[Data extract]
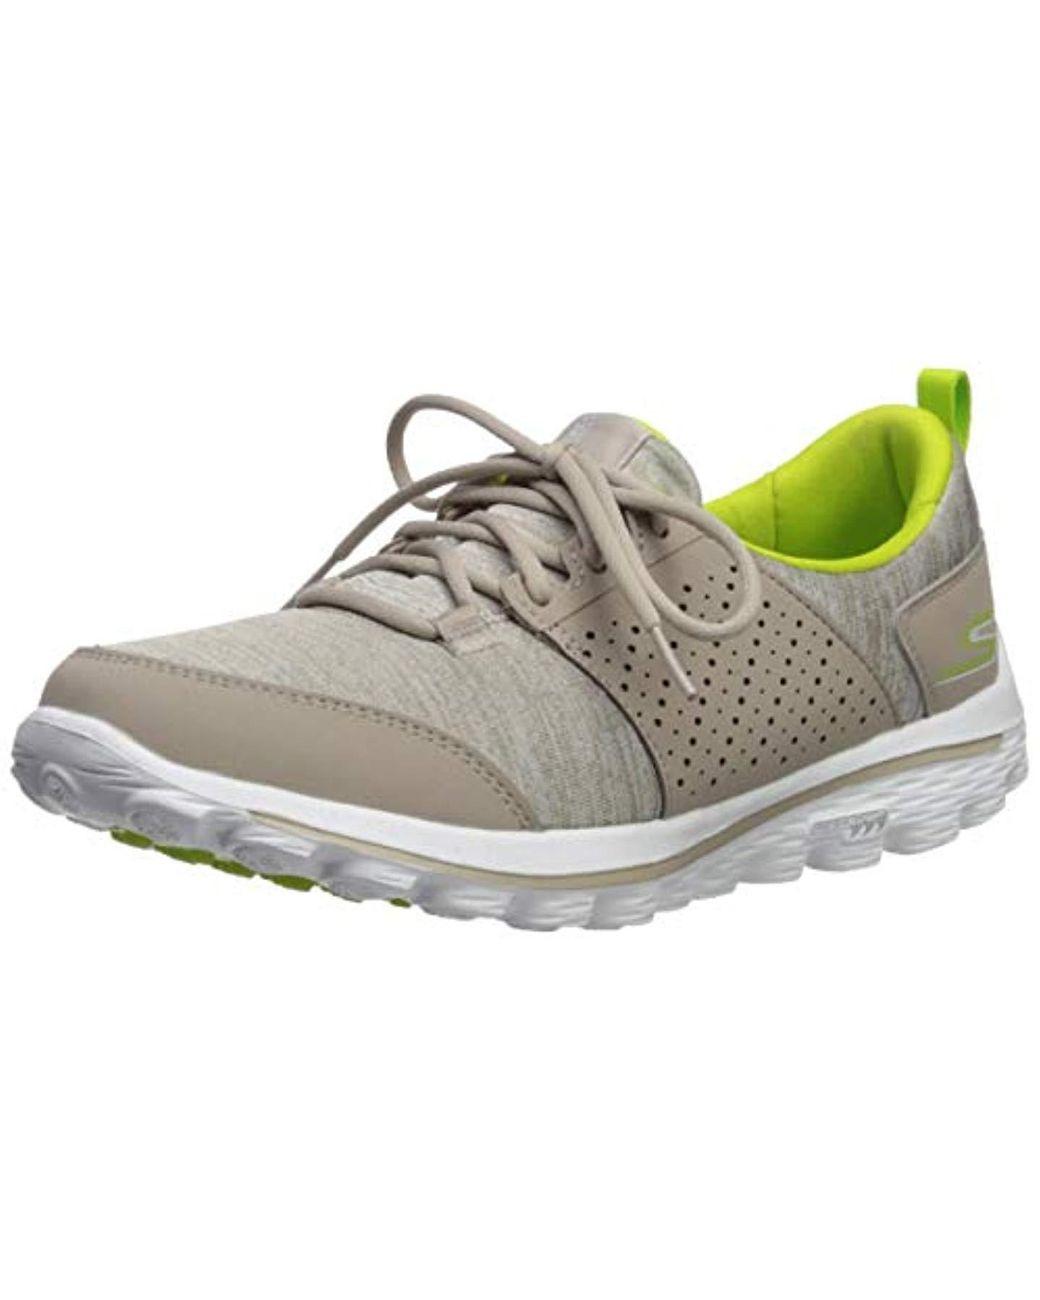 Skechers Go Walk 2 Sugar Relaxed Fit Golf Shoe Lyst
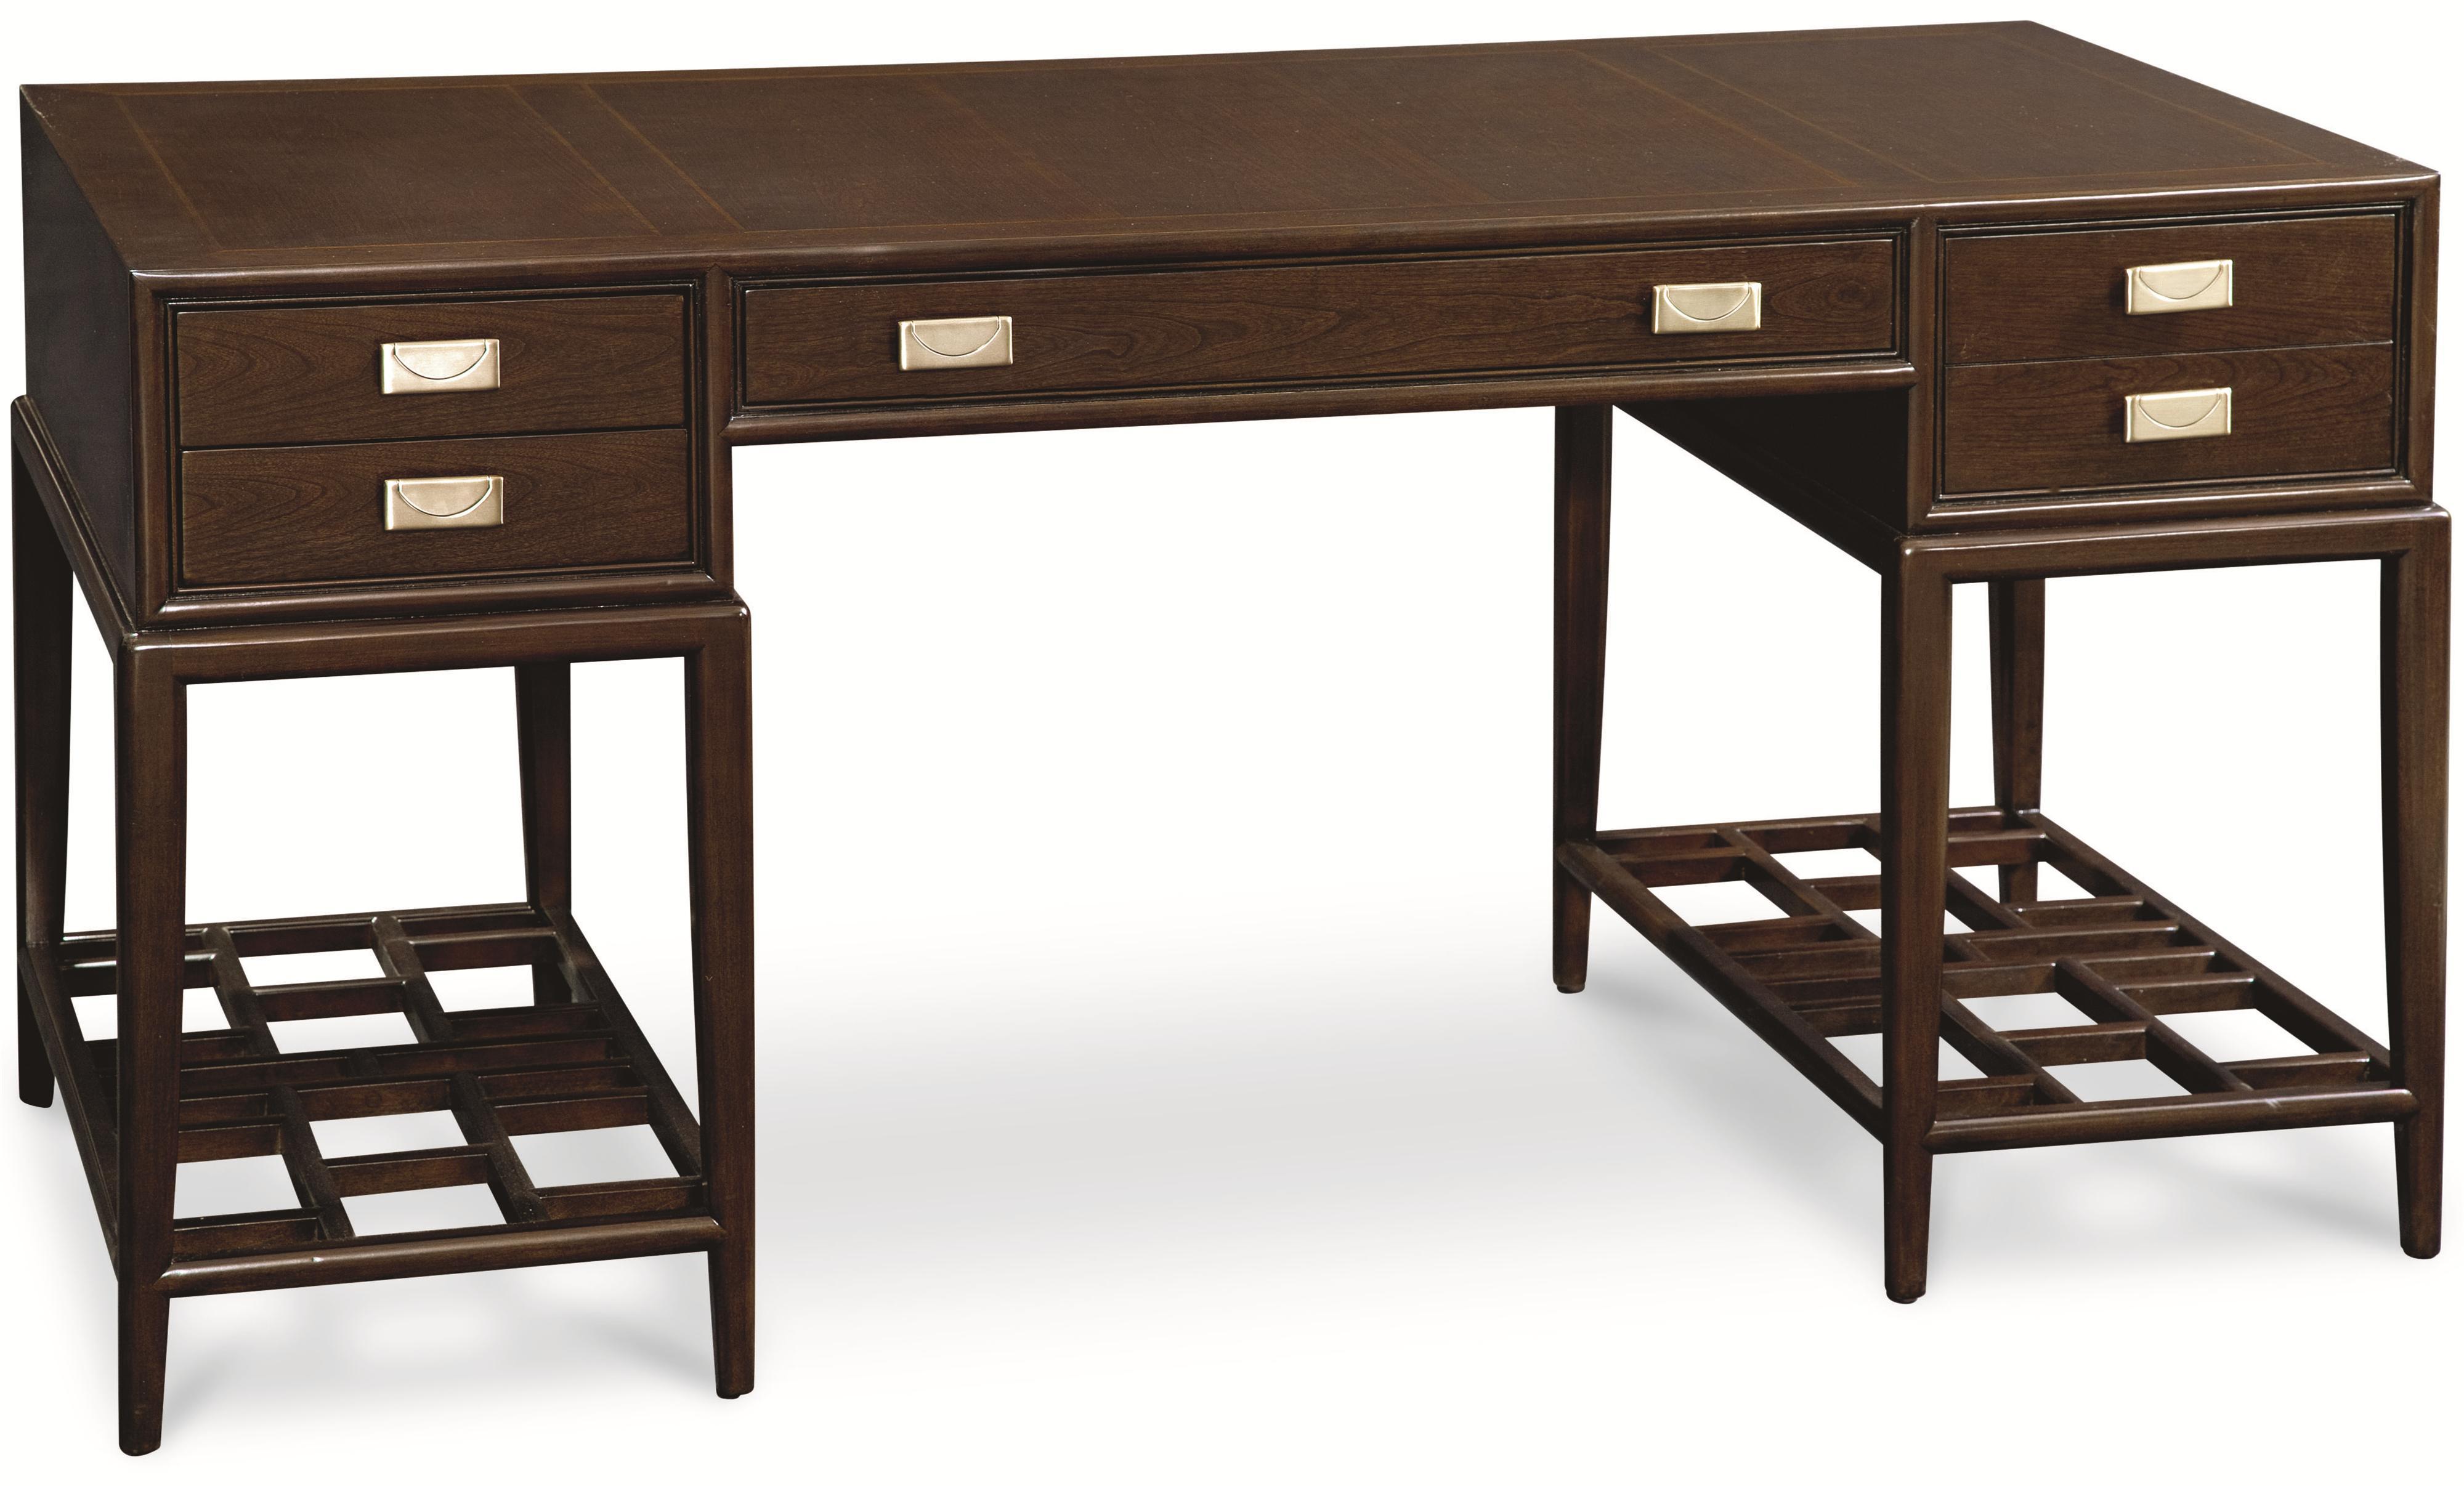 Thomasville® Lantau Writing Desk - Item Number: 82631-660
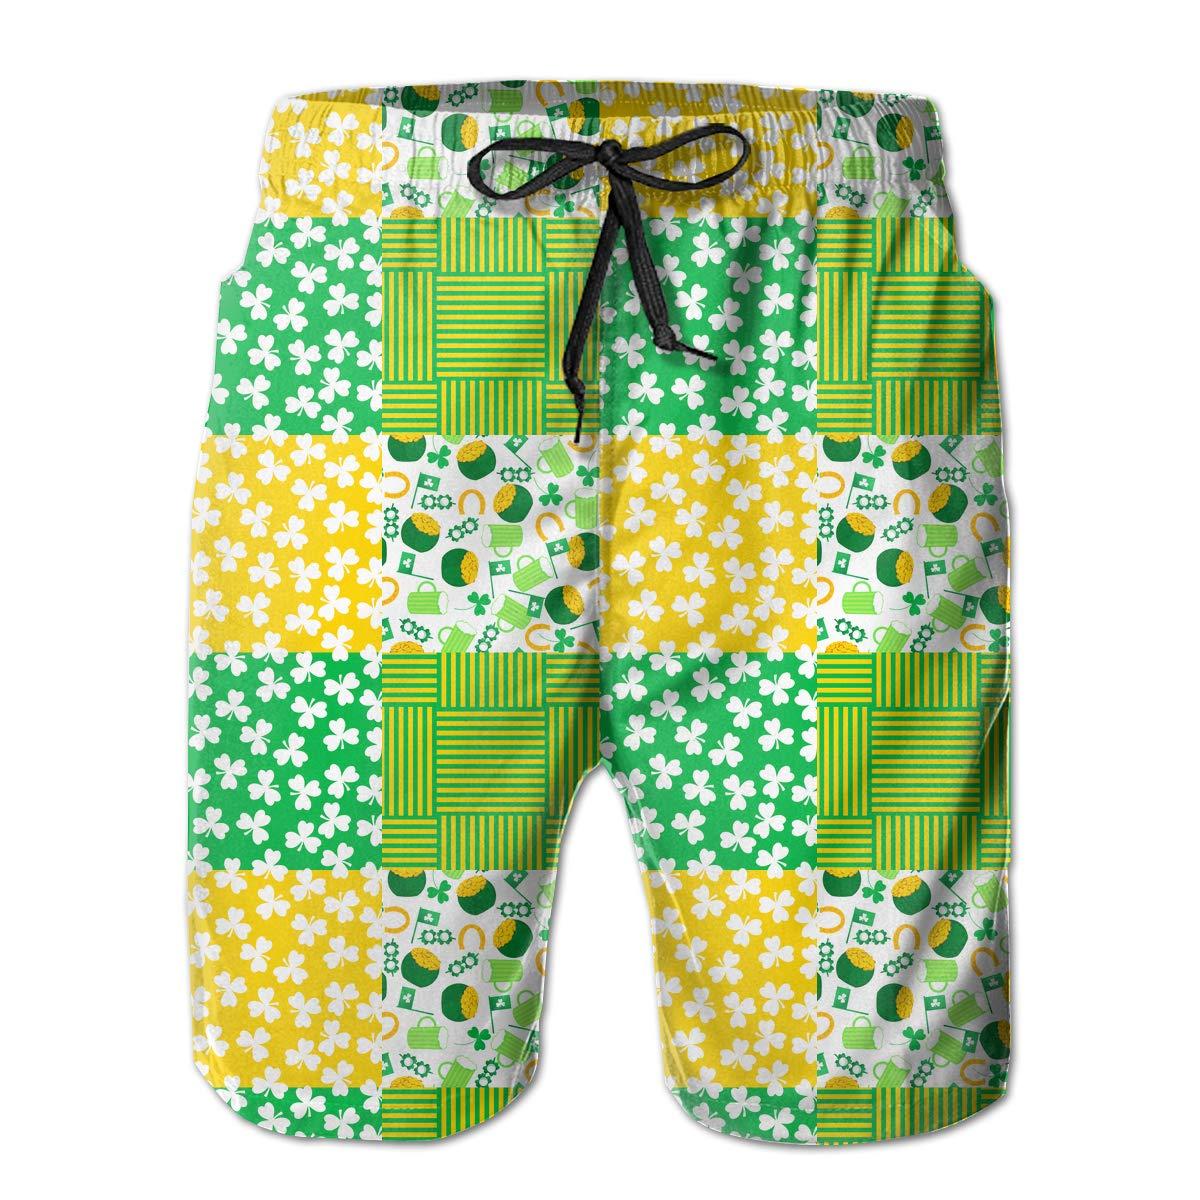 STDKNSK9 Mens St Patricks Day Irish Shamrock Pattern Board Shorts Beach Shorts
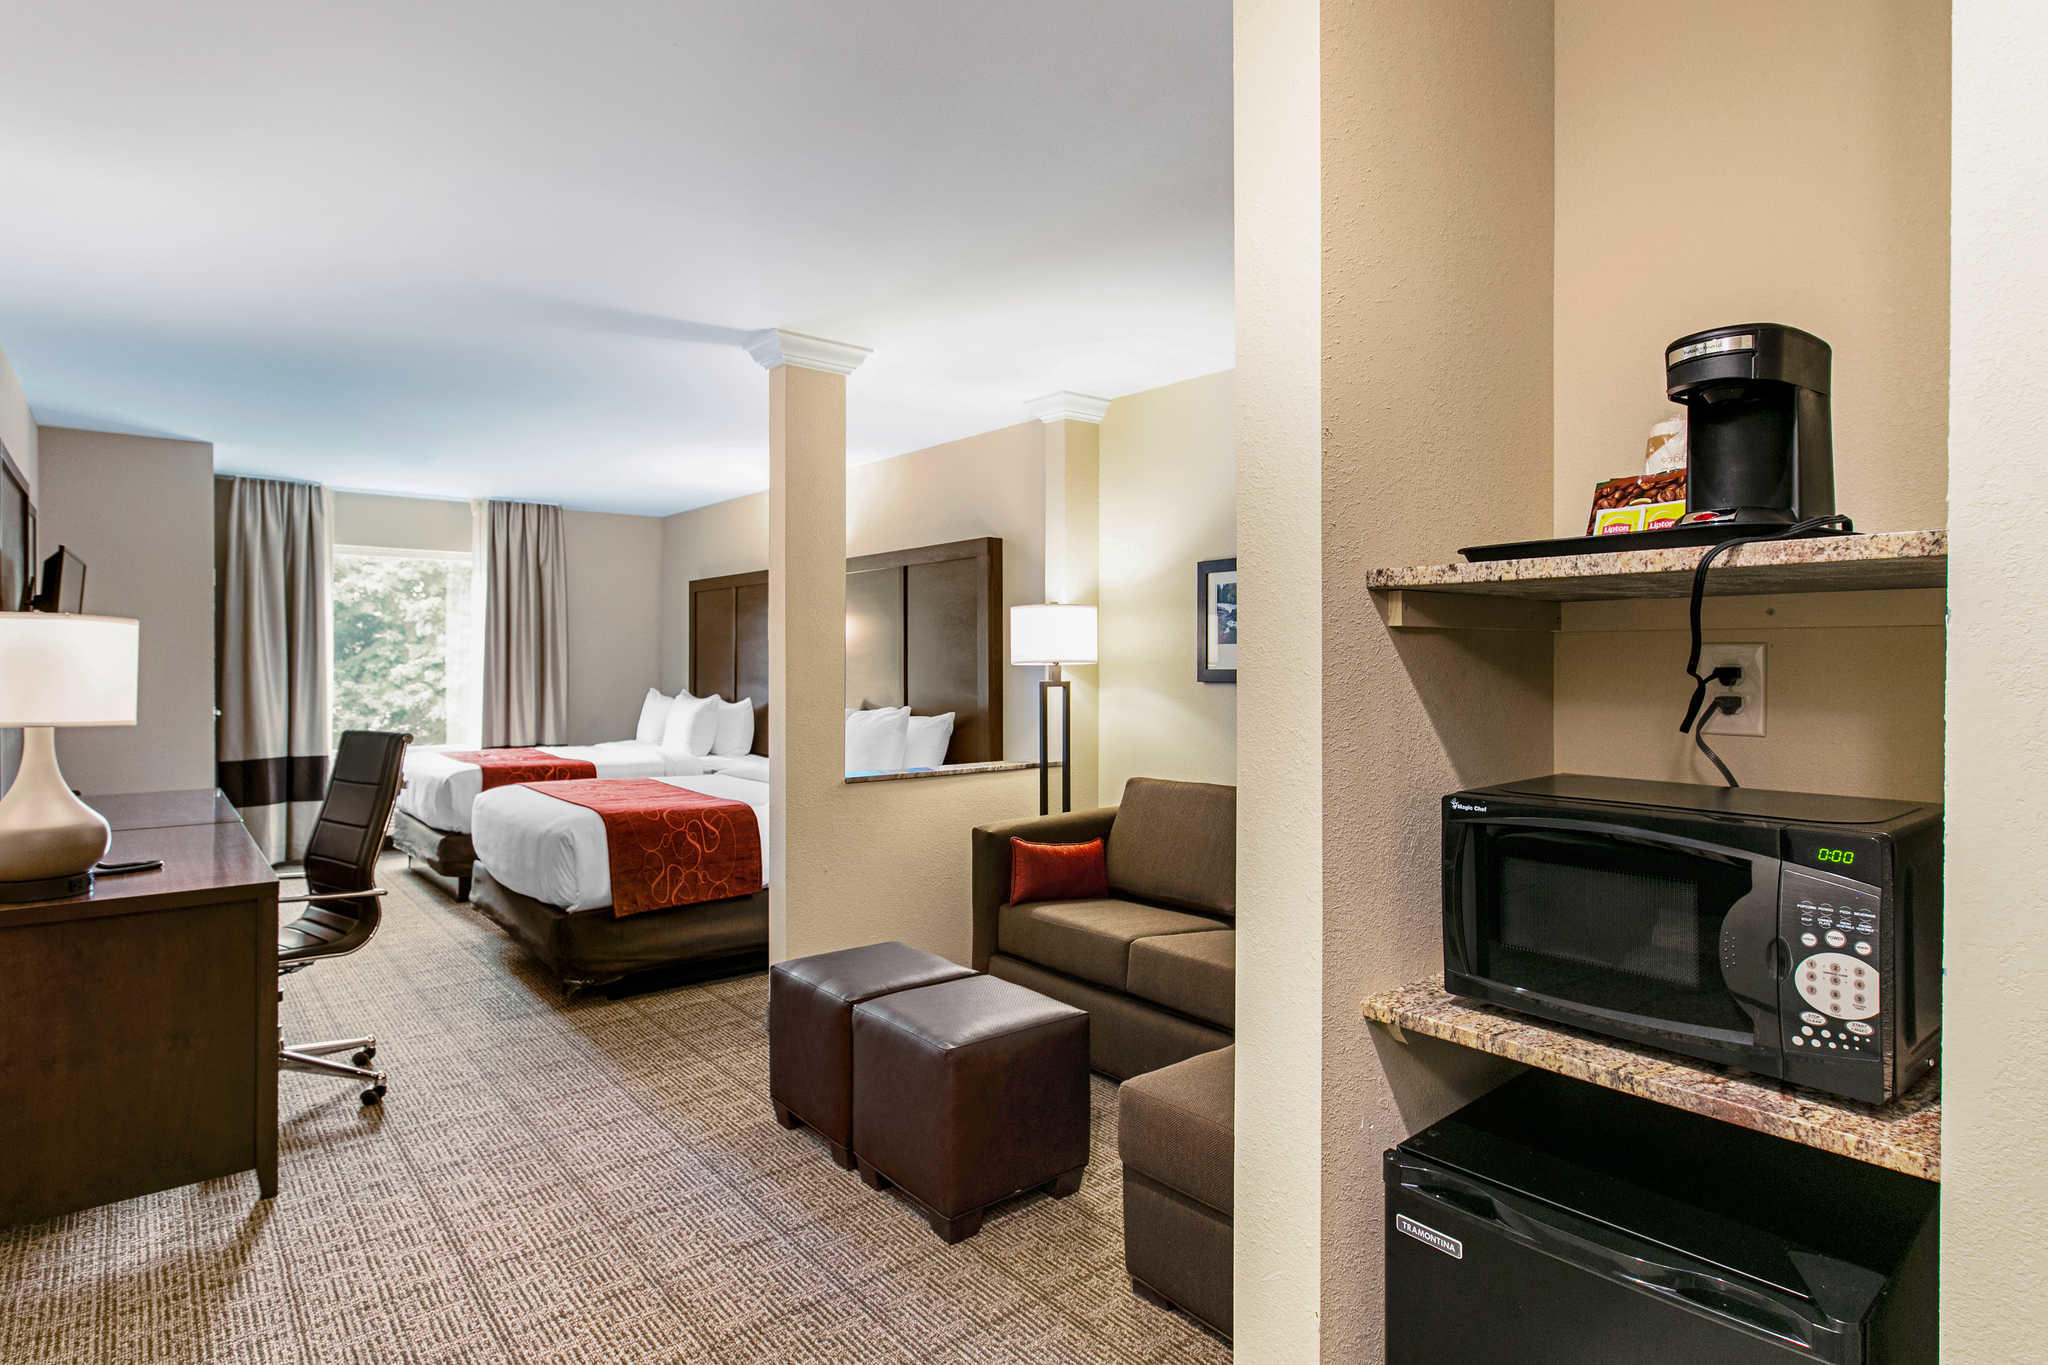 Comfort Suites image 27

[Exercise] An exact copy of the listing above is to be set down, with no pictures in it.

[Expected answer]
 Skechers Go Walk 2 Sugar Relaxed Fit Golf Shoe Lyst
 Thomasville® Lantau Writing Desk - Item Number: 82631-660
 STDKNSK9 Mens St Patricks Day Irish Shamrock Pattern Board Shorts Beach Shorts
 Comfort Suites image 27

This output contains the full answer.